Tax havens come in to enable the rich to move their cash around but still have easy access to it. This is why just 90,000 people live on the British Channel Islands—yet 800,000 companies are registered there.
It’s estimated that there are 400,000 firms and around one trillion pounds worth of assets registered in Jersey alone. All are untaxed. Similarly, the British Virgin Islands have 30,000 people and 457,000 companies.
And according to the US government, some 75 percent of the world’s hedge funds are “located in” the British Caymans. There are some £4.5 trillion of US bank deposits located in British “crown colonies”.
British bosses sit at the heart of a global scam. The idea is to make poor people pay too much tax, rich people pay too little, and really rich people and companies pay hardly any at all.
Even a Jimmy Carr joke is funnier than that.
The Tories introduced a scam allowing companies to move more money to tax havens and pay just 5.5 percent tax on it in the last budget.
They are also introducing territorial taxation for companies. This means that once money is declared in one place it can’t be taxed in any other. This will encourage offshore tax avoidance.
On top of this, planned new rules on tax avoidance could hand more control to private accountants. The plan will have more tax experts looking at which tax exemptions are illegal, rather than HM Revenue and Customs.
Tax campaigner Richard Murphy has compared this to “putting the foxes in charge of the hen house”.
Lib Dem Vince Cable says he wants to make companies more transparent. His proposals mean that companies will have to say how much they pay their bosses. But the plans won’t force firms to pay bosses any less.
Most workers simply pay tax. But for the wealthy and for companies, tax law is designed to cut the amount they have to pay. British tax law is the longest and most complex in the world.
The complete Tolley’s Tax Guide—the handbook of tax law—is 11,520 pages long. That’s more than double the 4,998 pages of the 1997 edition. The section on corporation tax on profits alone is now 1,897 pages.
Nicholas Shaxon writes in his book Treasure Islands, “Imagine you are in a supermarket and you see well-dressed individuals passing through a special checkout.
“There is also a large item added to your bill, extra expenses, which subsidises their purchases. Sorry, says the supermarket manager, if we didn’t charge you more they would shop elsewhere. Now, pay up.”

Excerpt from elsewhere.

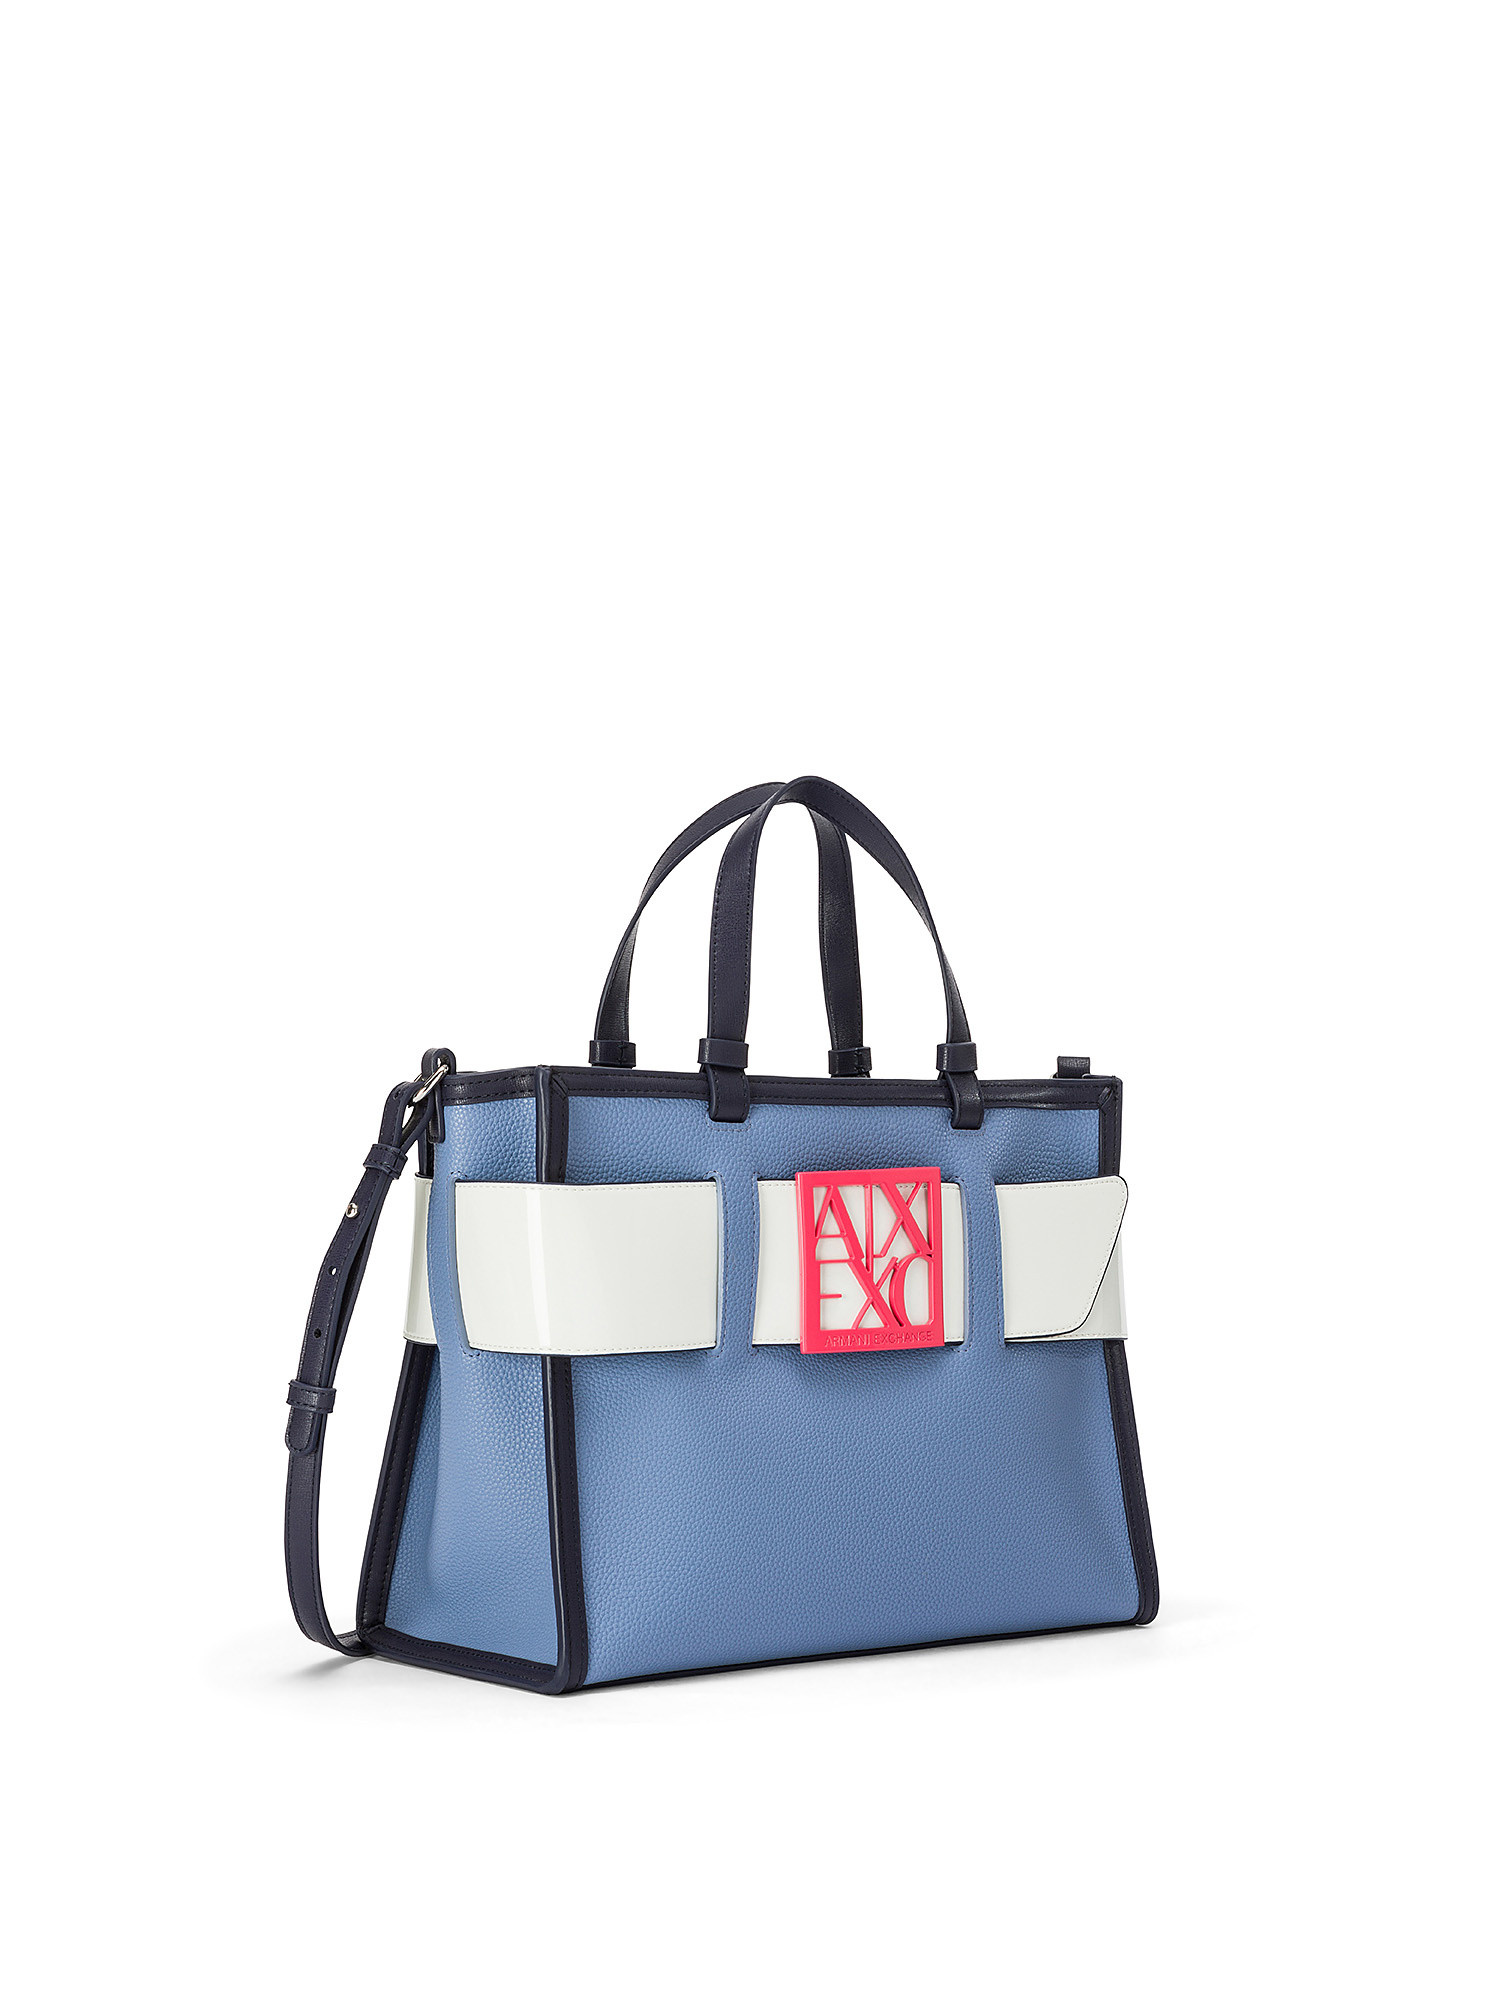 Armani Exchange - Tote bag grande con logo, Azzurro, large image number 1

Shopping giant Amazon generated sales of £7.6 billion over three years—but did not pay any corporation tax on the profits. In 2006 ownership was transferred to Luxembourg.

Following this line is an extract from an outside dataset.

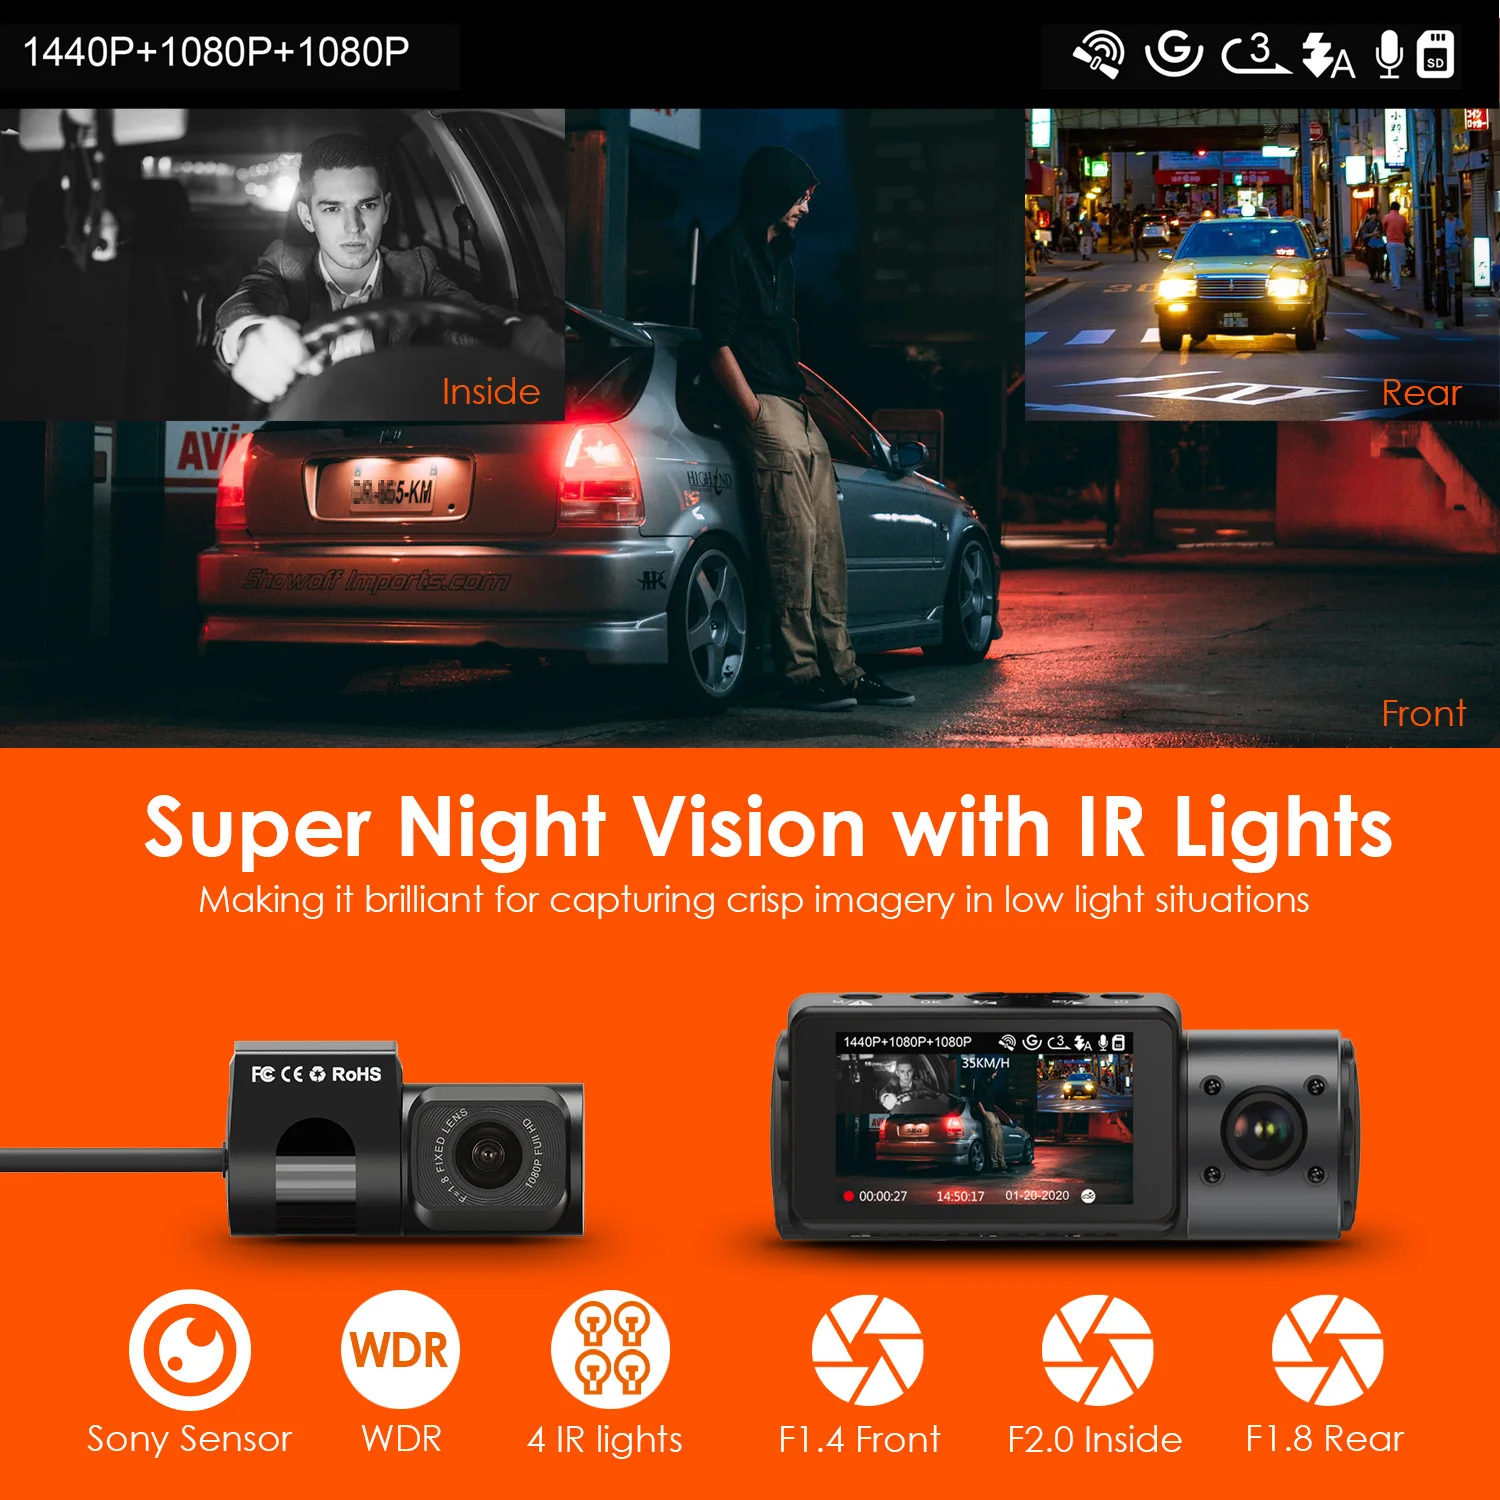 Vantrue N4 Dash Cam 4K Car Video Recorder 3 in 1 Car DVR Dashcam

Vodafone and Apple are also based there, making it the download capital of Europe. And it is, on the basis of bank transfers, rather surprisingly the richest country in the EU.
Cameron’s father was an early adopter of tax avoidance schemes. Cameron senior was the chairman of Close International Asset management and other tax avoidance firms that ran funds in Guernsey, Jersey and Panama.

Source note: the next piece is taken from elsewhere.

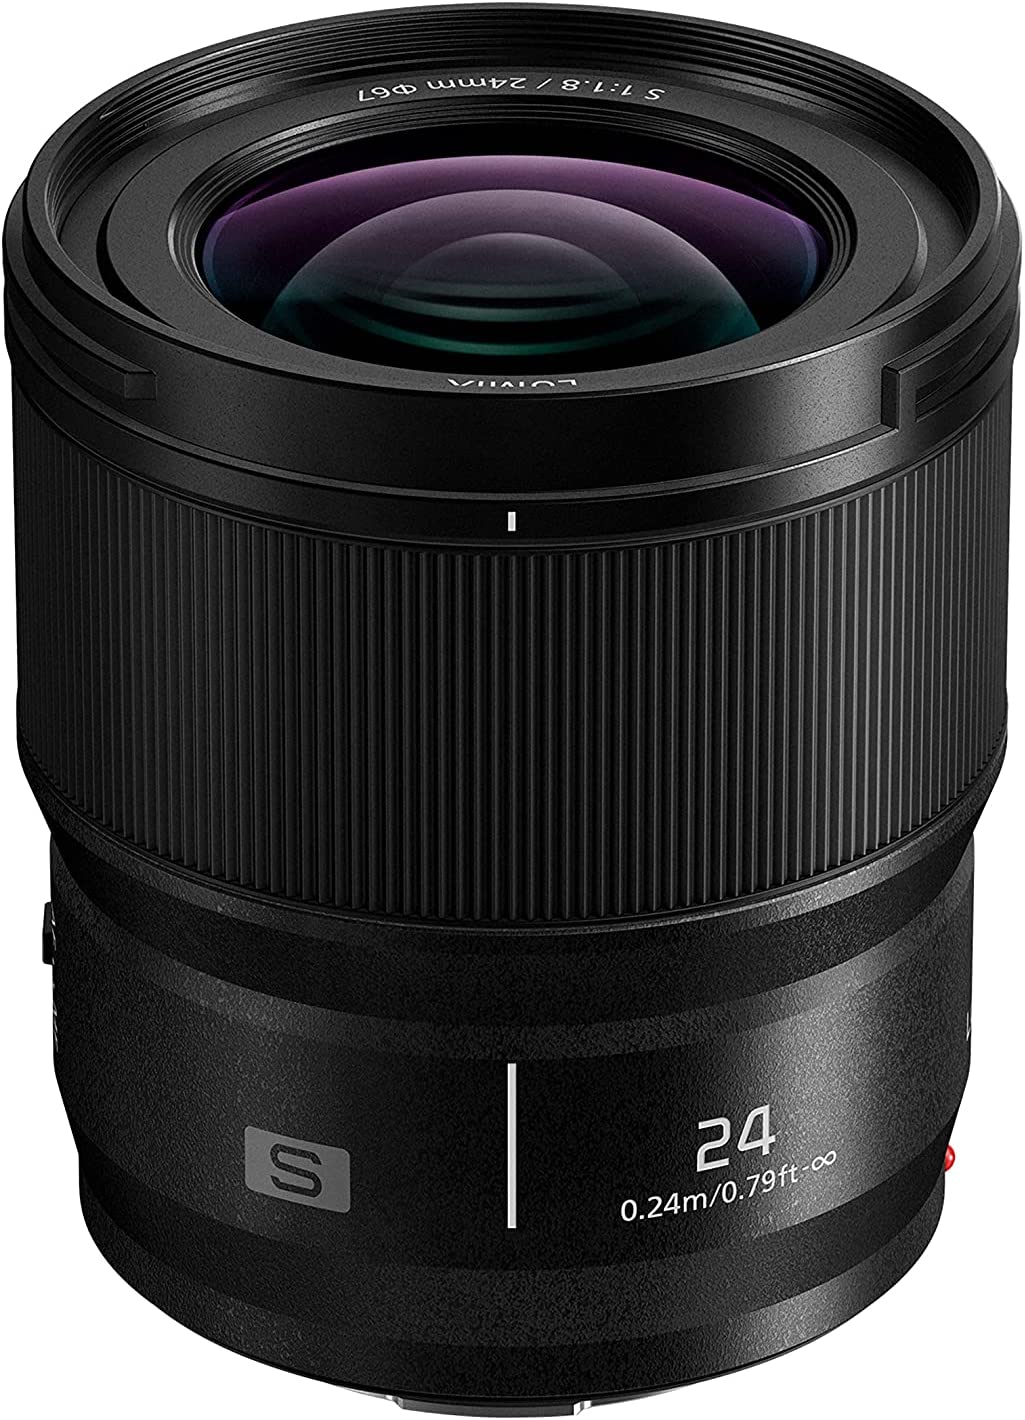 Product Image of Panasonic Lumix S Series 24mm F1.8 - L mount Lens

Cameron’s father-in-law, Viscount Astor, has a home on the Scottish island of Jura. It is a favourite holiday spot for the Camerons. The home is owned by a company registered in the Bahamas.
Millionaire cabinet members including Andrew Mitchell, Philip Hammond, and Jeremy Hunt all avoid tax too. George Osborne has a £4 million trust fund, most of which is invested offshore.
There were 71 billionaires in the UK in 2010. The total tax they paid in 2009-2010 was estimated to be £174.5 million. That’s a tax rate of 0.17 percent.
In 2006, the last time there was a breakdown of the figures, two billionaires made up some 65 percent of the payments.
If billionaires stuck their money in an ordinary savings account and received two percent interest, they would pay around a billion pounds in tax on the interest alone. That’s 250 times more than they pay now.
Nice “work” if you can get it.
Nearly all hedge fund managers pay a 10 percent tax rate on their income. There are 15,000 earning more than a million a year.
Income from private equity and hedge funds is classed as “carried interest”, which keeps it away from the tax collectors. This technicality was brought in after payments in gold or antiques were made taxable.